«Областью знания», которая Гальтона привлекала больше всего, была наследственность. Как и Флеминг Дженкин, Гальтон быстро понял, что его двоюродный брат открыл верный закон, но не механизм: ключом к пониманию дарвиновской теории была природа наследственности. Наследственность – это инь для эволюционного ян. Эти две теории, несомненно, имели глубинную связь, поддерживали и дополняли друг друга. Раз «кузен Дарвин» разгадал первую половину загадки, «кузену Гальтону» было суждено расправиться со второй.

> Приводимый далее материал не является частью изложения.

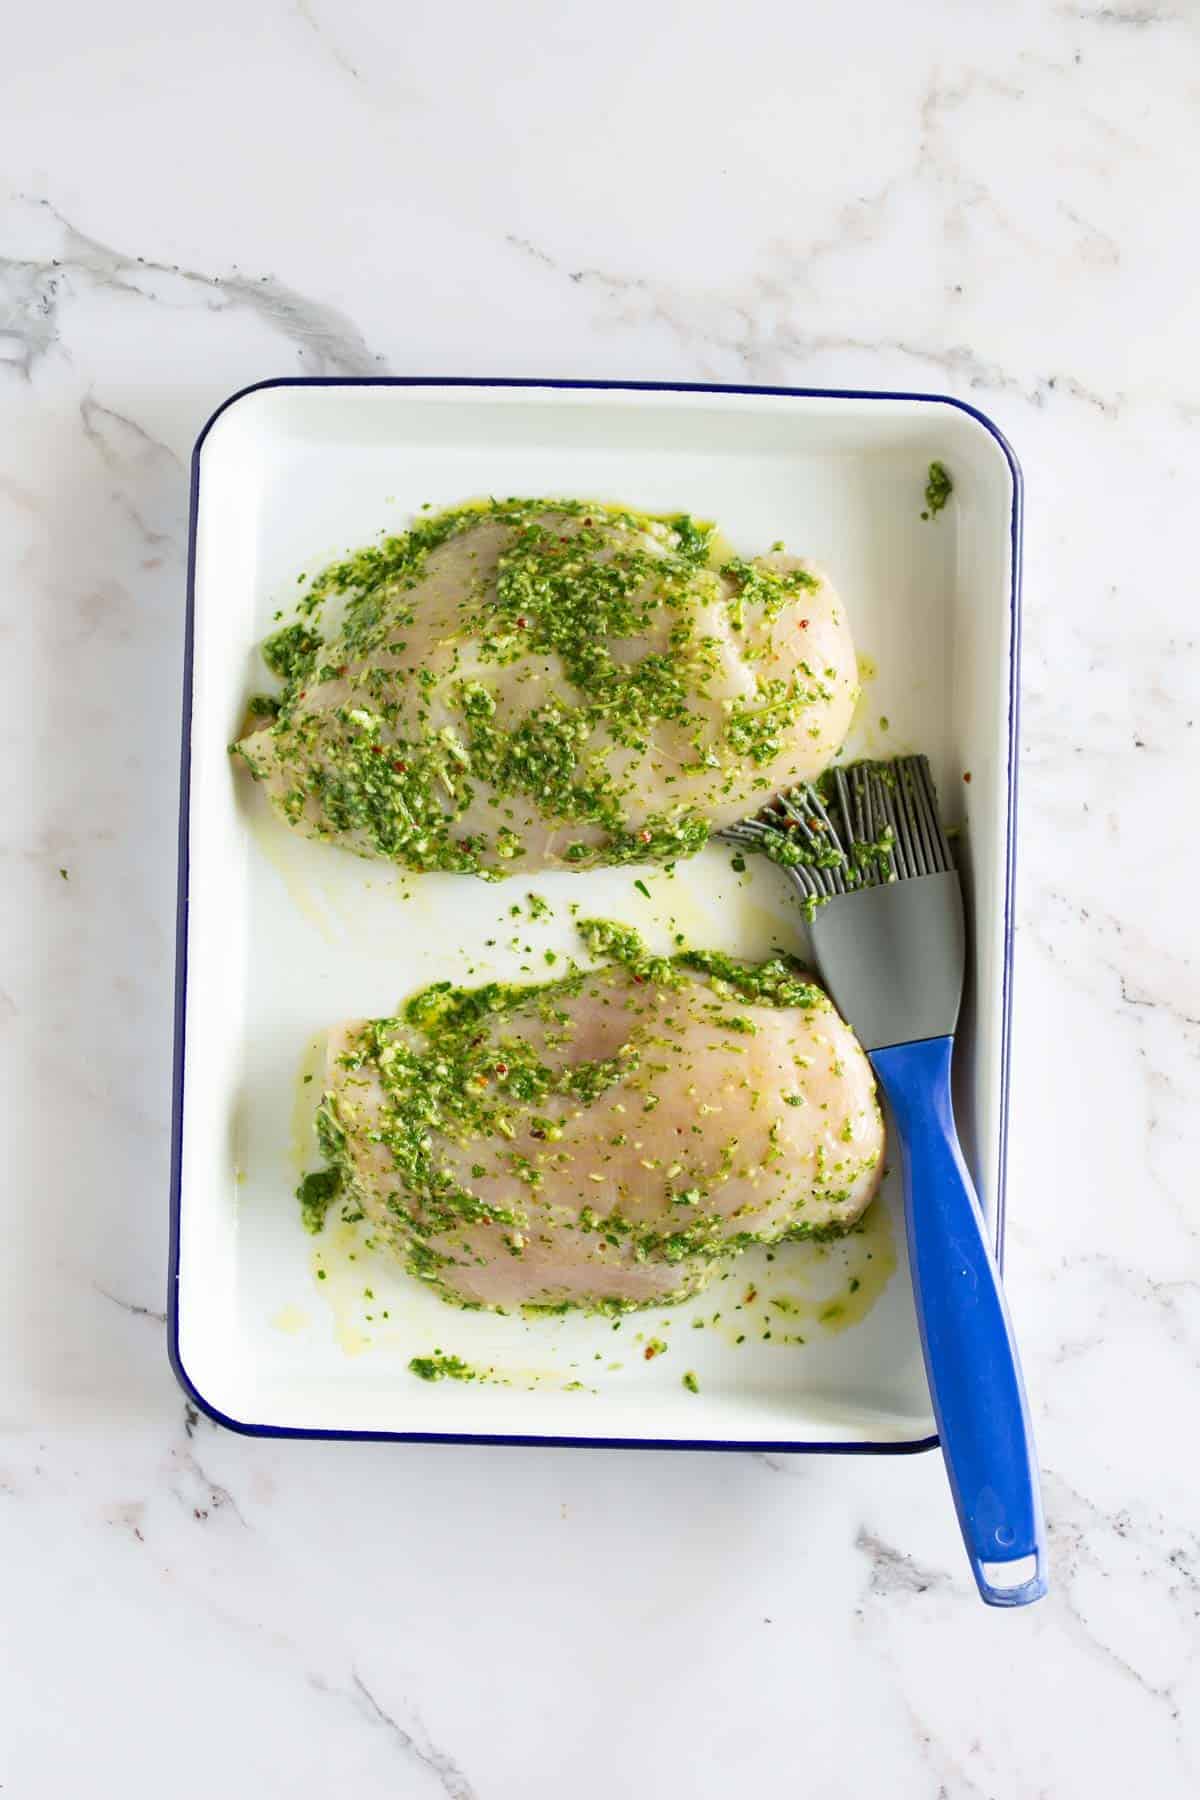 Two raw chicken breasts marinated with green herbs and oil are in a white baking dish. A blue basting brush lies next to the chicken.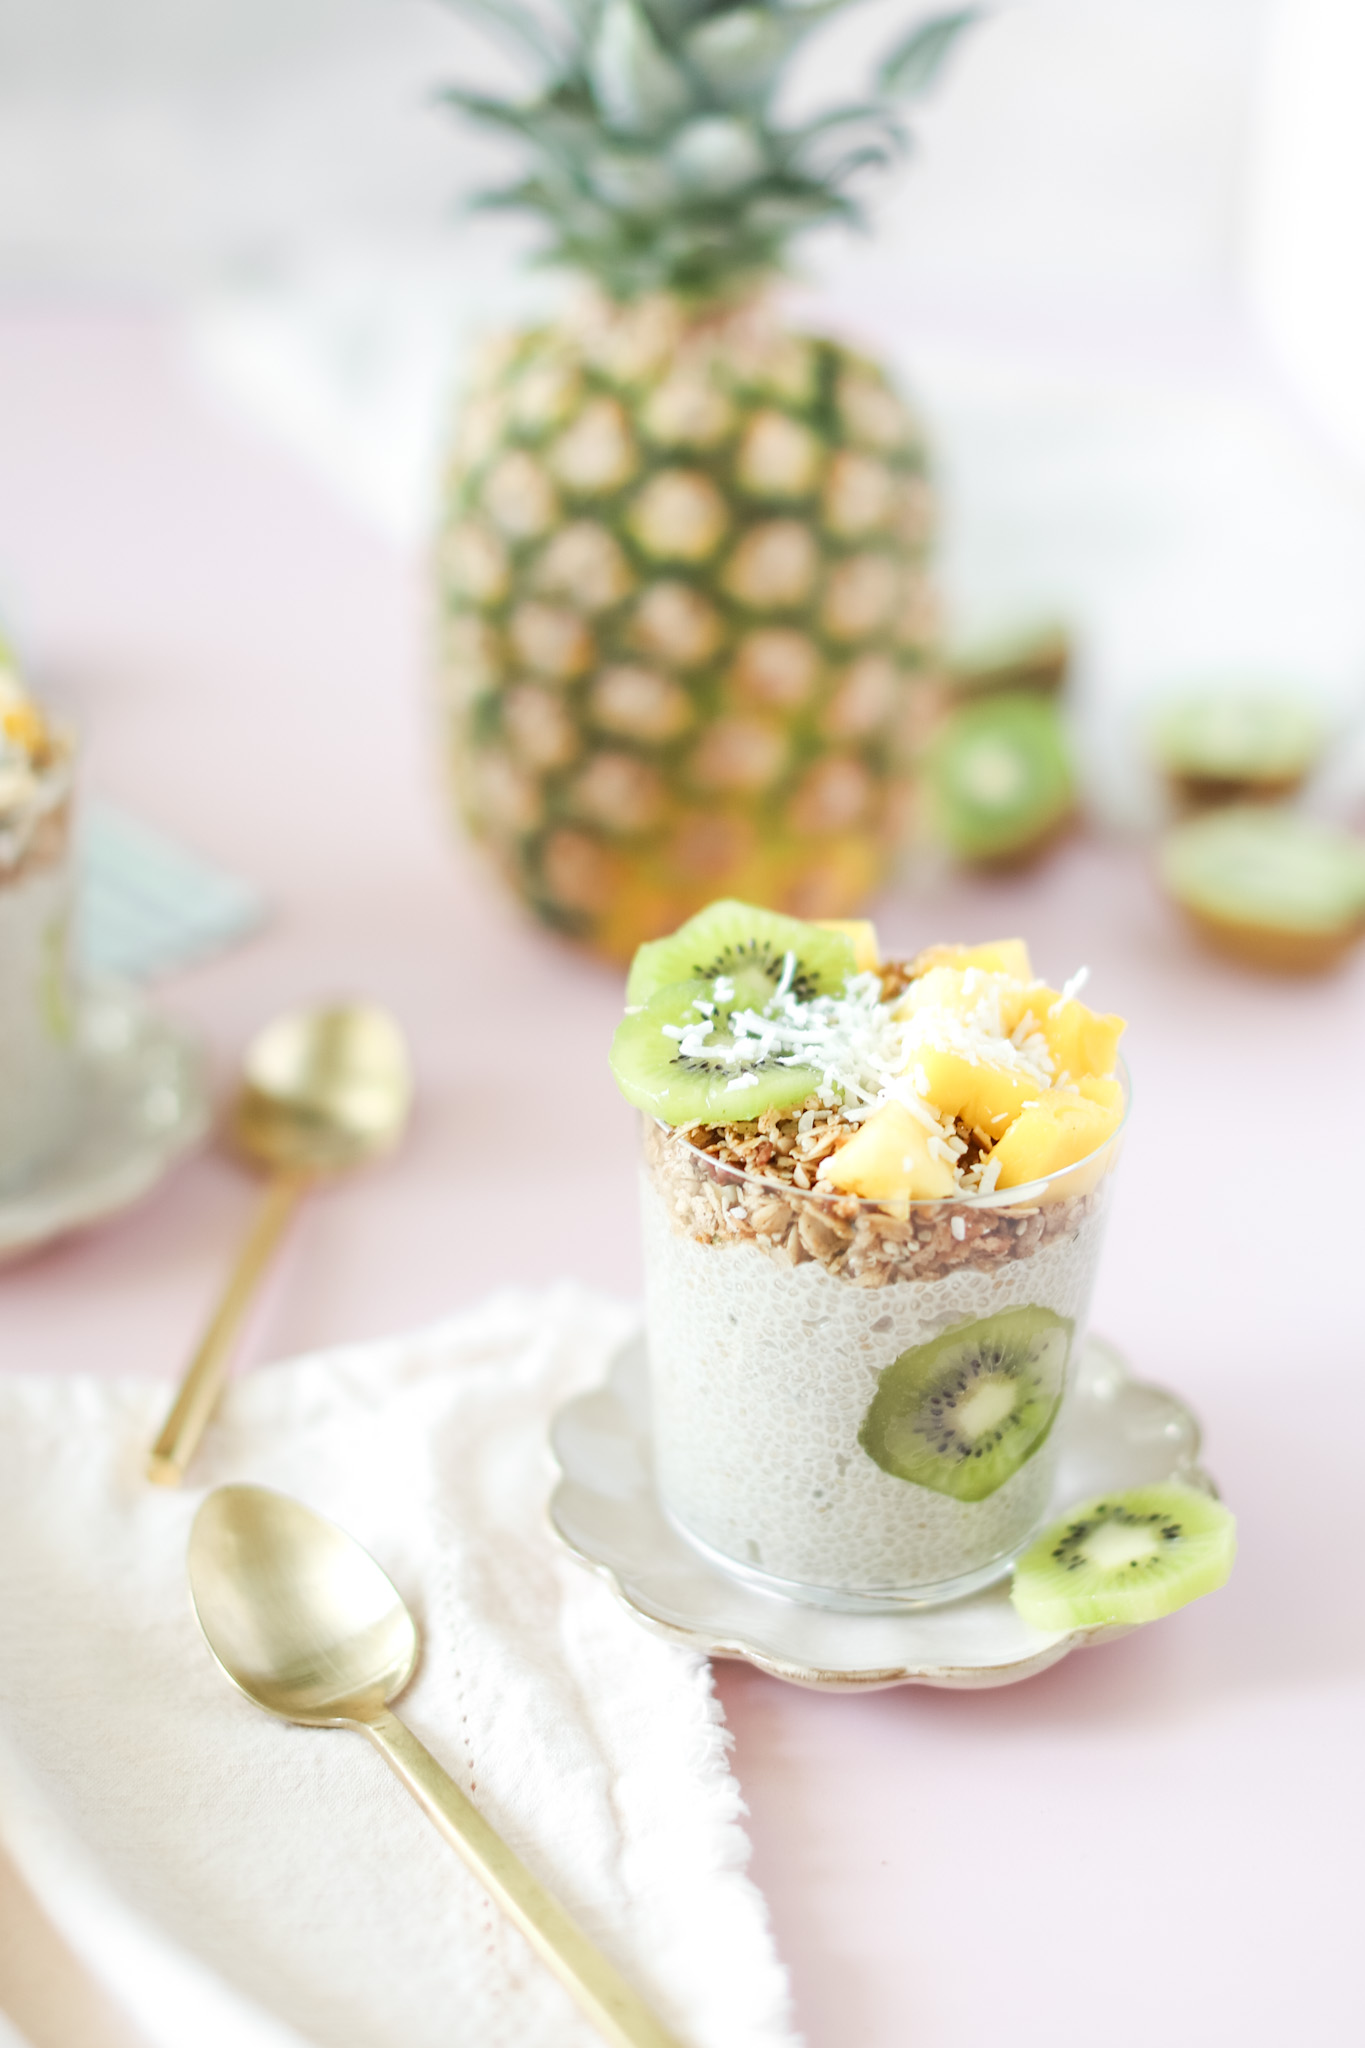 Tropical Chia Pudding with kiwi, pineapple and coconut flakes

В середине 1860-х Гальтон погрузился в изучение наследственности. Дарвиновская теория геммул утверждала, что наследственные инструкции выбрасываются клетками и плавают в крови, подобно миллионам писем в бутылках. В таком случае при переливании крови геммулы наверняка бы передавались и меняли наследственность. Гальтон пытался добиться переноса геммул[214]
, переливая кровь одних кроликов другим. Пробовал даже работать с растениями – с горохом, как ни странно, – надеясь найти материальную основу наследственных инструкций. Но экспериментатор из Гальтона был так себе, ему сильно не хватало природного чутья Менделя. Кролики умерли от шока[215], растения засохли. Расстроенный, Гальтон переключился на людей. Модельные организмы не помогли раскрыть механизм наследственности, и Гальтон решил, что измерение изменчивости и наследственности у людей окажется более эффективным способом. Это решение выдает невероятный масштаб амбиций Гальтона: он сразу замахнулся на подход «сверху вниз», начав с самых сложных и вариабельных признаков из всех возможных – с роста, физической силы, интеллекта и характера. Сделанный выбор позже заставит Гальтона вступить в настоящую битву с генетикой.Гальтон не был первым, кто пытался подойти к человеческой наследственности, оценивая изменчивость признаков у людей. В 1830–1840-х бельгийский ученый Адольф Кетле, подавшись из астрономов в биологи, начал систематически измерять человеческие характеристики и анализировать их статистическими методами. Подход Кетле был скрупулезным и всесторонним. «Человек рождается, растет и умирает[216]
согласно определенным законам, которые никто никогда не изучал», – писал он. Измерив обхват грудной клетки и рост[217] 5738 солдат, он показал, что распределение обеих величин имеет форму плавной непрерывной колоколообразной кривой. И какой бы признак Кетле ни взял, везде была одна и та же картина: значения человеческих характеристик – даже поведенческих – распределялись по колоколообразной кривой.Гальтона вдохновили работы Кетле, и он углубился в изучение изменчивости человеческих признаков. Подчиняется ли той же закономерности вариабельность таких сложных характеристик, как интеллект, умственные достижения или, скажем, красота? Гальтон знал, что для измерения подобных параметров инструментов не существует. Но если это так, можно изобрести свои («Везде, где только можно, считайте»[218]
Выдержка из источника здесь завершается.